Personal data we receive automatically from your use of the Services

When you use the Services, we also receive certain technical data automatically (described below, collectively "Technical Information"). This includes:

• Device and Connection Information. Consistent with your device or browser permissions, your device or browser automatically sends us information about when and how you install, access, or use our Services. This includes information such as your device type, operating system information, browser information and web page referrers, mobile network, connection information, mobile operator or internet service provider (ISP), time zone setting, IP address (including information about the location of the device derived from your IP address), identifiers (including device or advertising identifiers, probabilistic identifiers, and other unique personal or online identifiers), and device location.

• Usage Information. We collect information about your use of the Services, such as the dates and times of access, browsing history, search, information about the links you click, pages you view, and other information about how you use the Services, and technology on the devices you use to access the Services.

• Log and Troubleshooting Information. We collect information about how our Services are performing when you use them.
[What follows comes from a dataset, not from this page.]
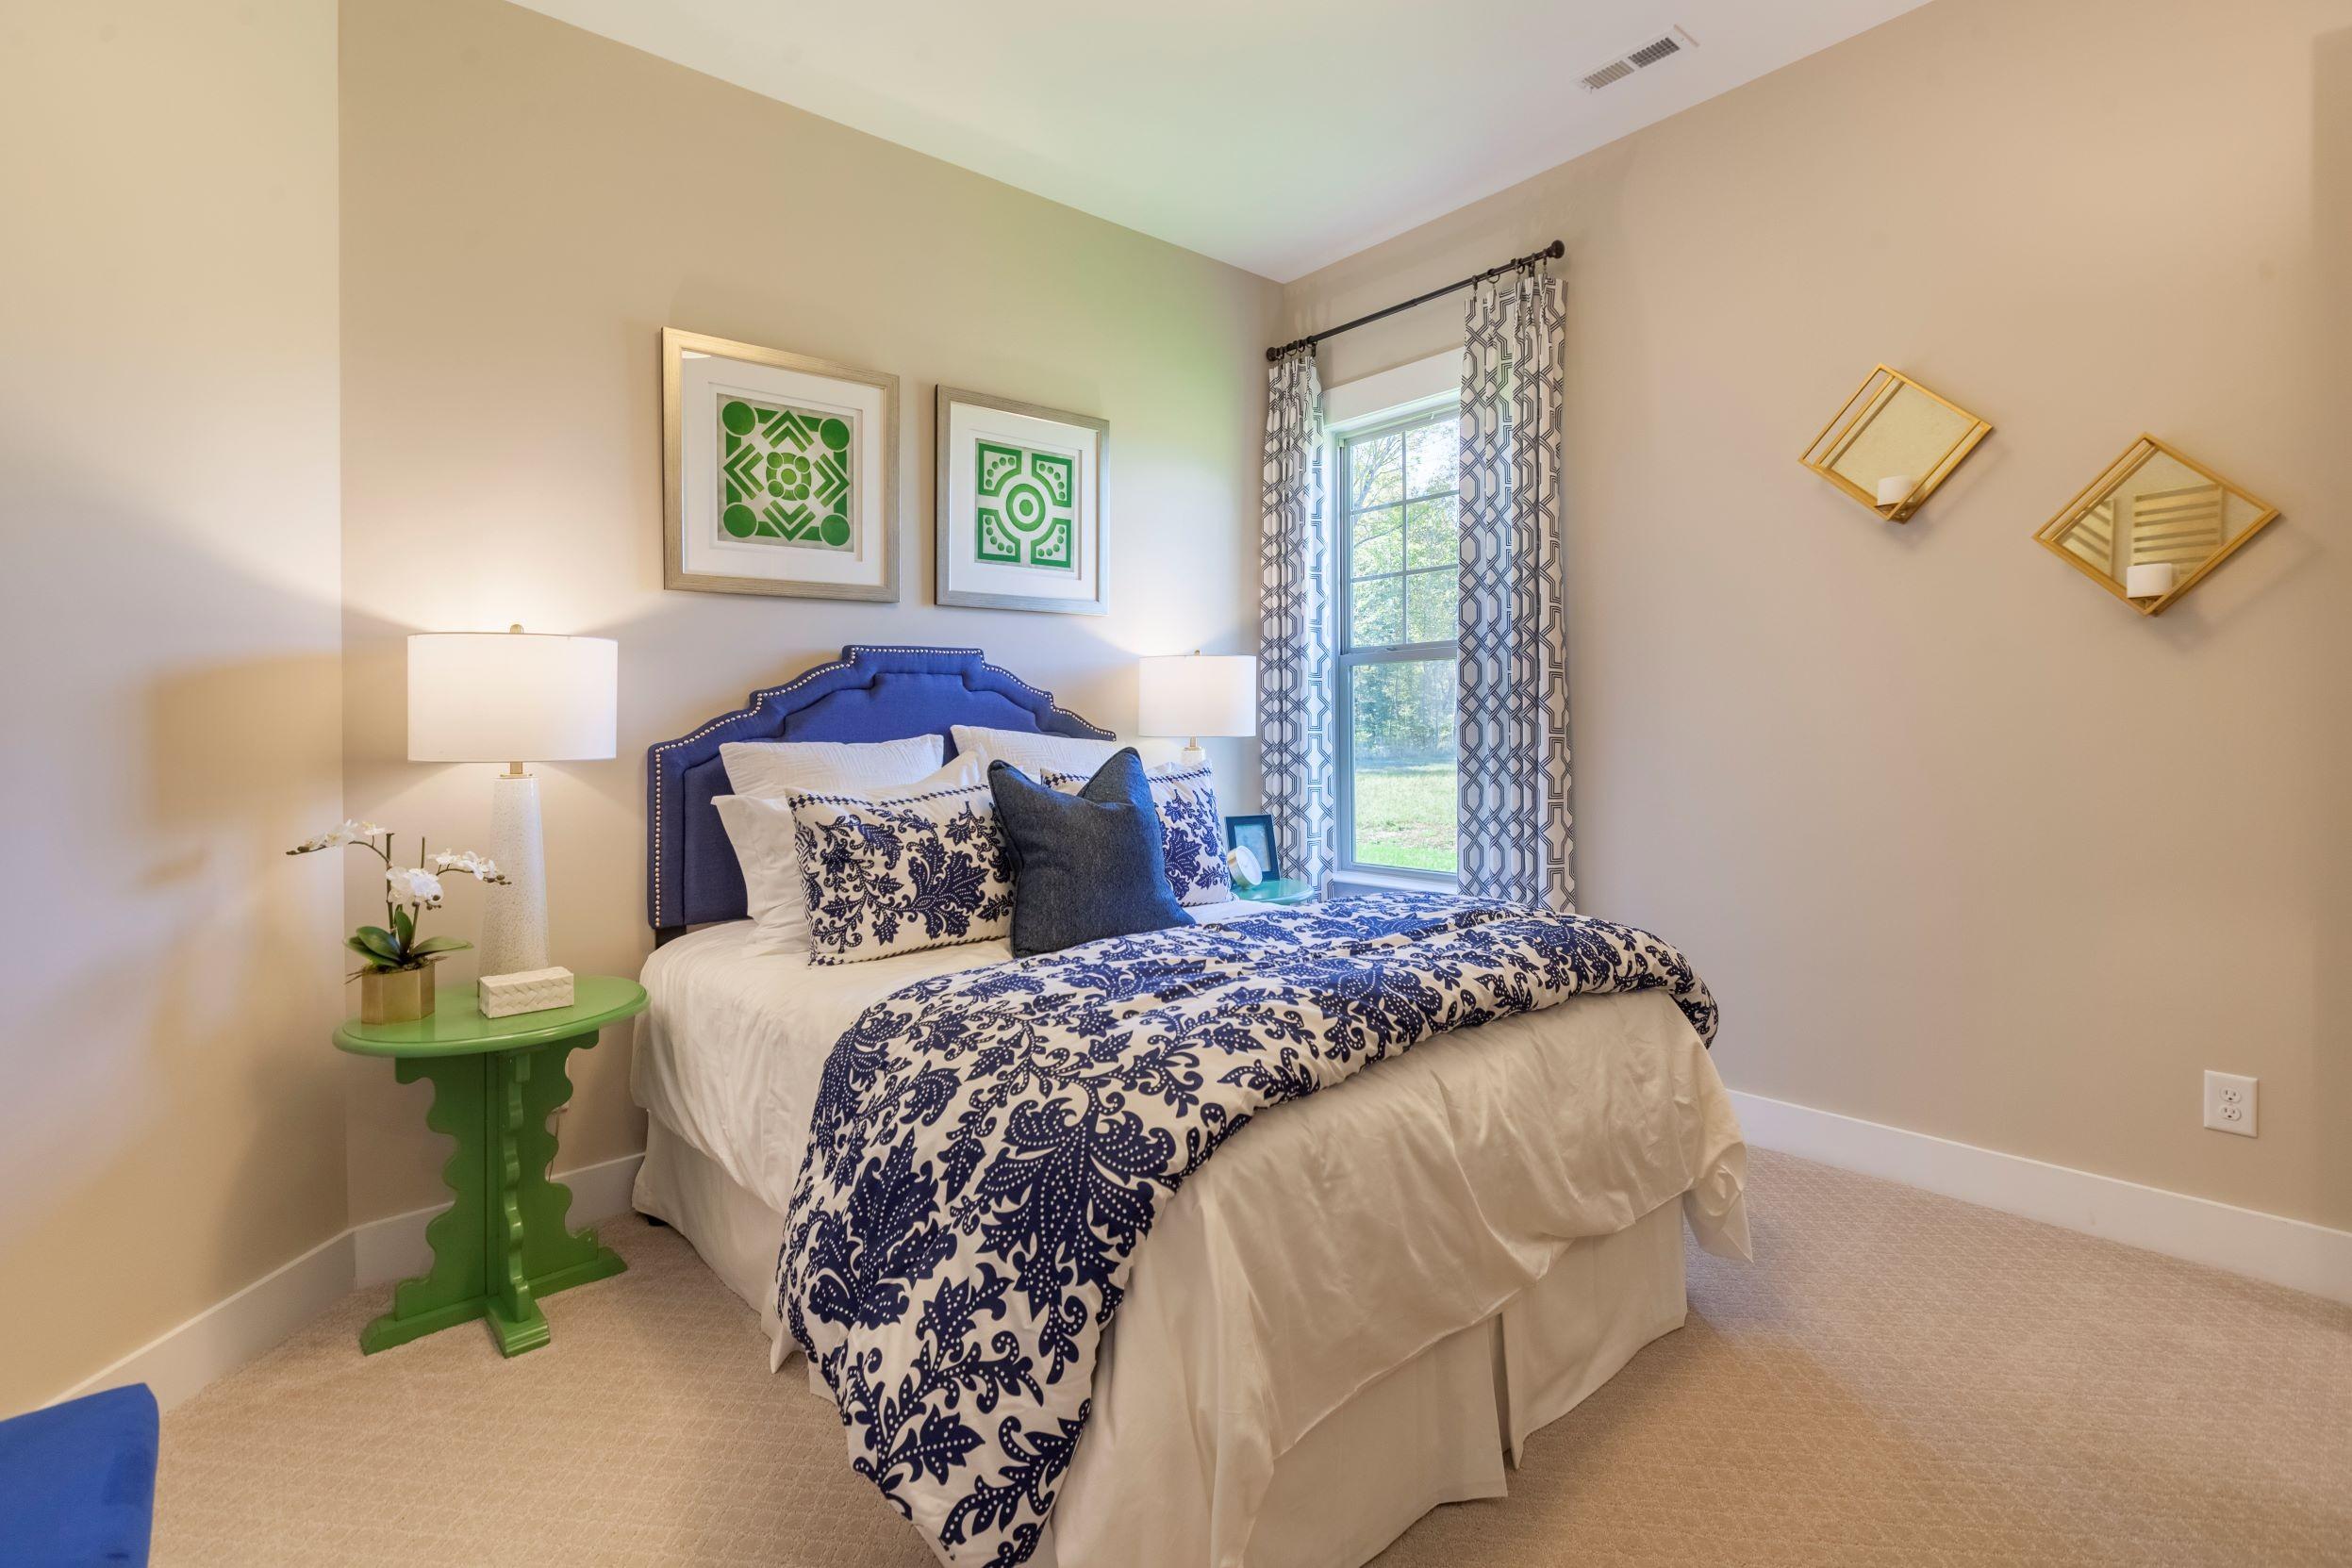 Casalino Whitmore Bedroom

This information includes log files. If you or your device experiences an error, we may collect information about the error, the time the error occurred, the feature being used, the state of the application when the error occurred, and any communications or content provided at the time the error occurred.

• Cookies & Similar Technologies. We and our service providers use cookies, scripts, or similar technologies ("Cookies") to manage the Services and to collect information about you and your use of the Services. These technologies help us to recognize you, customize or personalize your experience, market additional products or services to you, and analyze the use of our Services to make them safer and more useful to you. For more details about how we use these technologies, and your opt-out controls and other options, please visit our Cookie Policy.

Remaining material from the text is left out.